All of these things that come out of faculty training and personal excellence — our job is to enable that. It’s a pretty diffusely-defined job but by promoting that what we try to do is to help link potential sponsors of these activities that are outside the university up together with our faculty who have certain interests and abilities that can meet sponsors’ objectives… It also includes faculty training, development and preparation for funding proposals that are competitive and they can succeed readily in competitions amongst their colleagues from across the country, and sometimes at the international level.

Q: What are some exciting things coming up in research?

A: What I see that’s exciting about SDSU is that we have the potential to engage and research collaboratively between colleges and between departments.
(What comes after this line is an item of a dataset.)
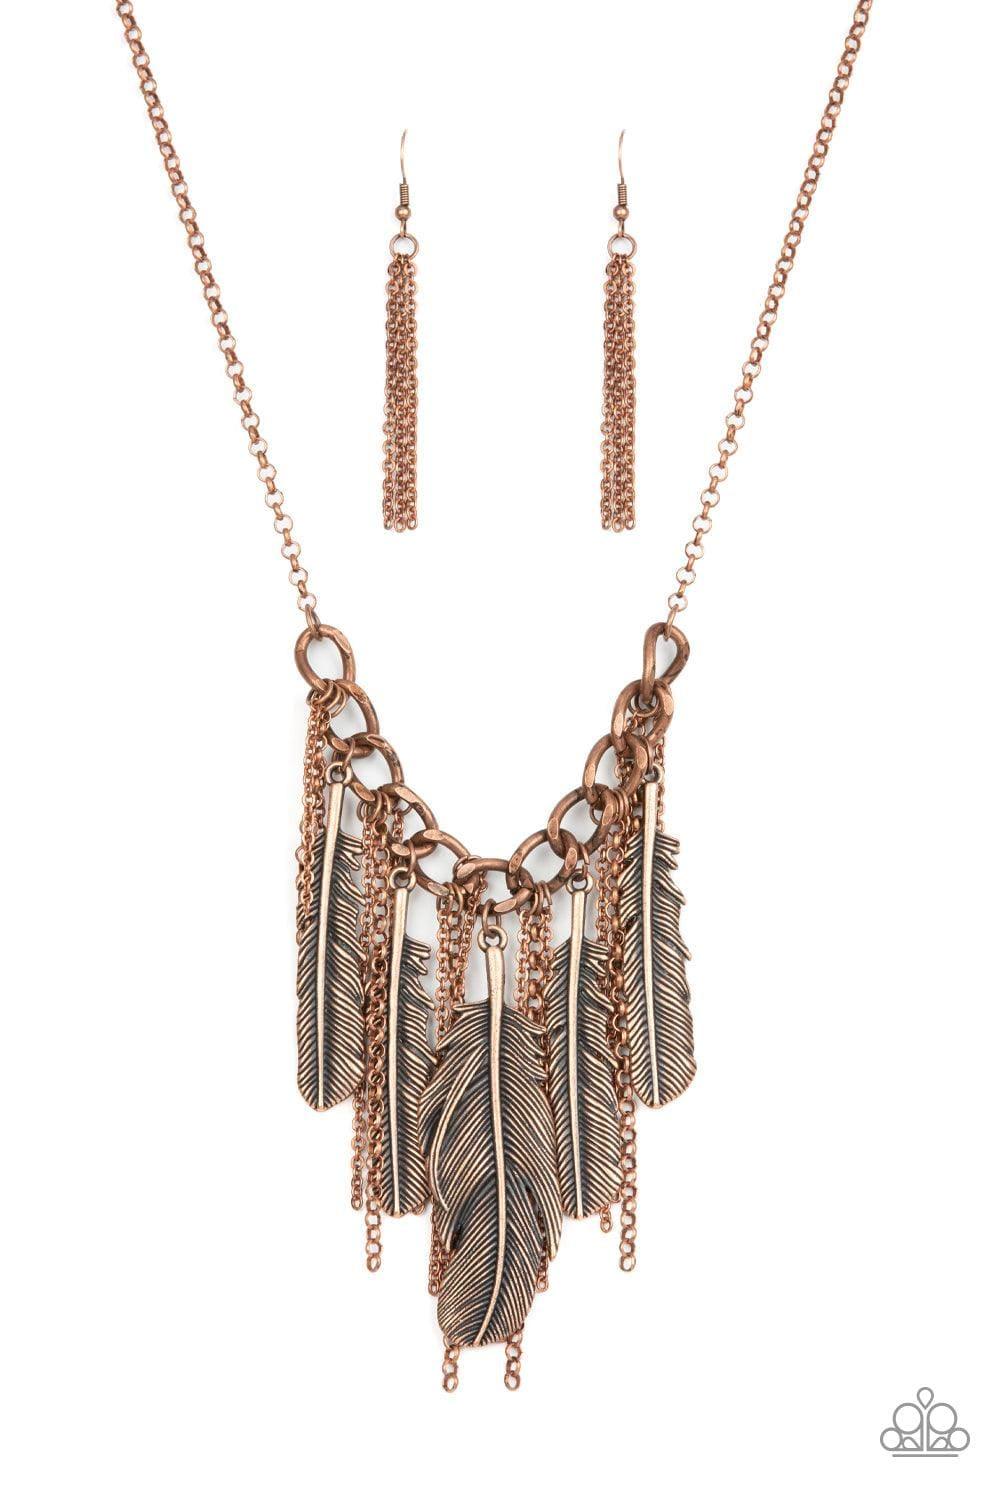 Paparazzi Accessories - Nest Friends Forever - Copper Necklace - Bling by JessieK

In other words, multi-disciplinary or transdisciplinary research — we can do that very easily because the barriers between our colleges are very, very small. There is no research collaborative relationship we can’t establish and strengthen if we just work at it a little bit here. 

It’s not that way everywhere else — that’s what I’m excited about, being able to bring different disciplines together to respond to funding opportunities. But it’s not because of the funding, it’s because of the solutions, the problems that we’re solving that are important both to the sponsors and to us and really to society.

Q: What’s your favorite thing about SDSU?

A: SDSU is a good fit. It’s a smaller campus with big university abilities, but a small campus feel. So it’s an academically, intellectually stimulating environment and it’s a really good fit. After working at many universities I feel like I’m really at home here.